Facebook's Graph Search crowns triple-threat to Google's market dominance

Facebook has unveiled its social search function, “Graph Search,” and while it may still be in beta phase, marketers should start interrogating how this will affect both their search and social strategies.

Ronan Shields

Graph Search indexes the social network by people, photos, places and interests and lets users make queries on the site such as “who are my friends who like Star Wars”, “photos of my friends in 2001” or “restaurants nearby”.

My first response is that it will mean brands’ search and social strategies will have to be more closely aligned.

For instance, during the Graph Search presentation it was highlighted that brands, especially location-based ones likes retailers or restaurants, will have to ensure all their Facebook details are completely up to date. Plus they will have to rely less on the social network’s News Feed function as an engagement channel.

This is namely because Facebook’s Graph Search results will be more “context aware”, i.e. based on who your friends are, meaning no brand will just be able to rest on what’s been working so far.

So although Graph Search is in pure beta mode, as it’s only being rolled out to a few hundred thousand Facebook account holders initially, brand managers need to be asking their social teams just how will this ring in the changes straight away. Even though there are no advertising opportunities on the table just yet.

A further forensic examination of the implications of Facebook’s Graph Search are called for when looking at how the company has paired with Microsoft to return ‘web based search results’ using its Bing search engine for queries on topics it has not indexed already.

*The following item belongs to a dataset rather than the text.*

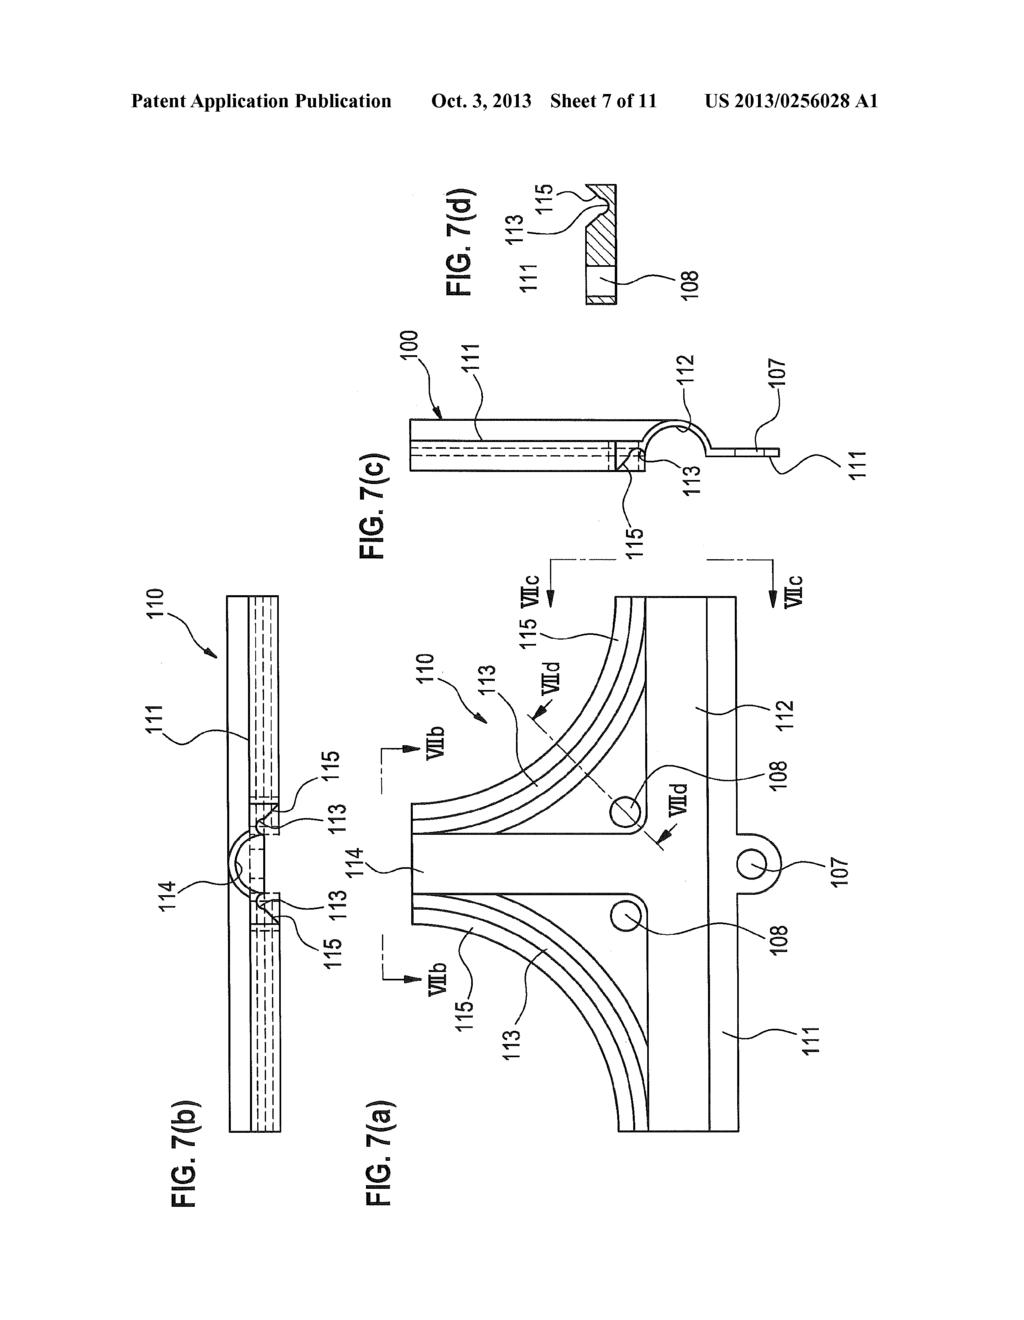 coleman evcon wiring diagram thermostat vmware basic dgat070bdd furnace mach
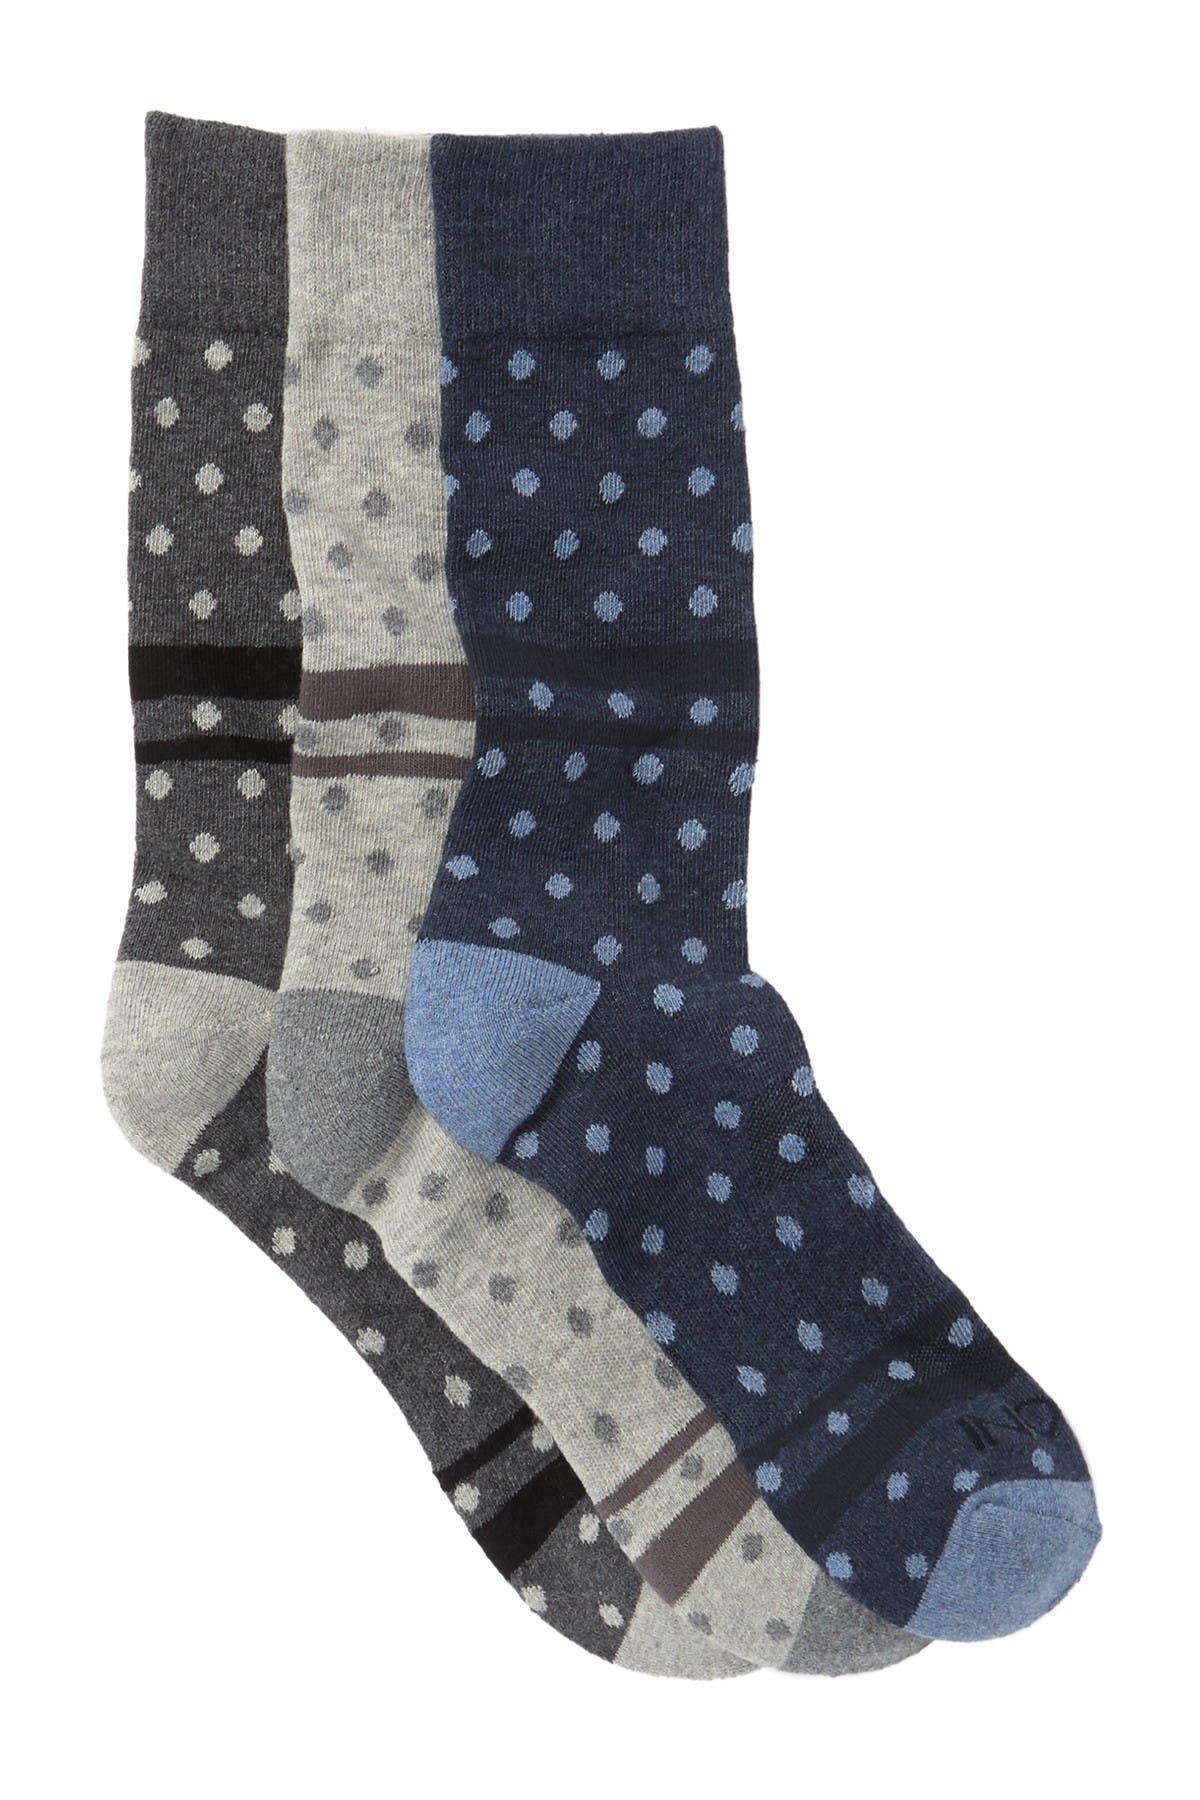 Image of BOCONI Mini Polka Dots Crew Socks - Pack of 3

Facebook CEO Mark Zuckerberg said it paired with Microsoft’s Bing after its failed to reach an agreement with Google meaning it lacks the power of what I’d regard to be the best-performing search engine on the market.

When you think of the timing of Facebook’s Graph Search announcement, just a week after Twitter unveiled its efforts to ‘humanise’ search returns through moderation of certain queries, it indicates that Google’s dominance of the search market is under fire.

The implications to how Google will react as a response are too early to call although it’s one I’ll be watching closely and my reaction to this is that it will be a welcome development as marketers will embrace diversification among the web’s big players.

Readers' comments (1)

  • Facebook has a big problem - they need to make money. The only way they can make money is by really annoying their users with a non-stop barrage of ads and a total invasion of privacy. This might work in the short-term - but long-term, they are doomed.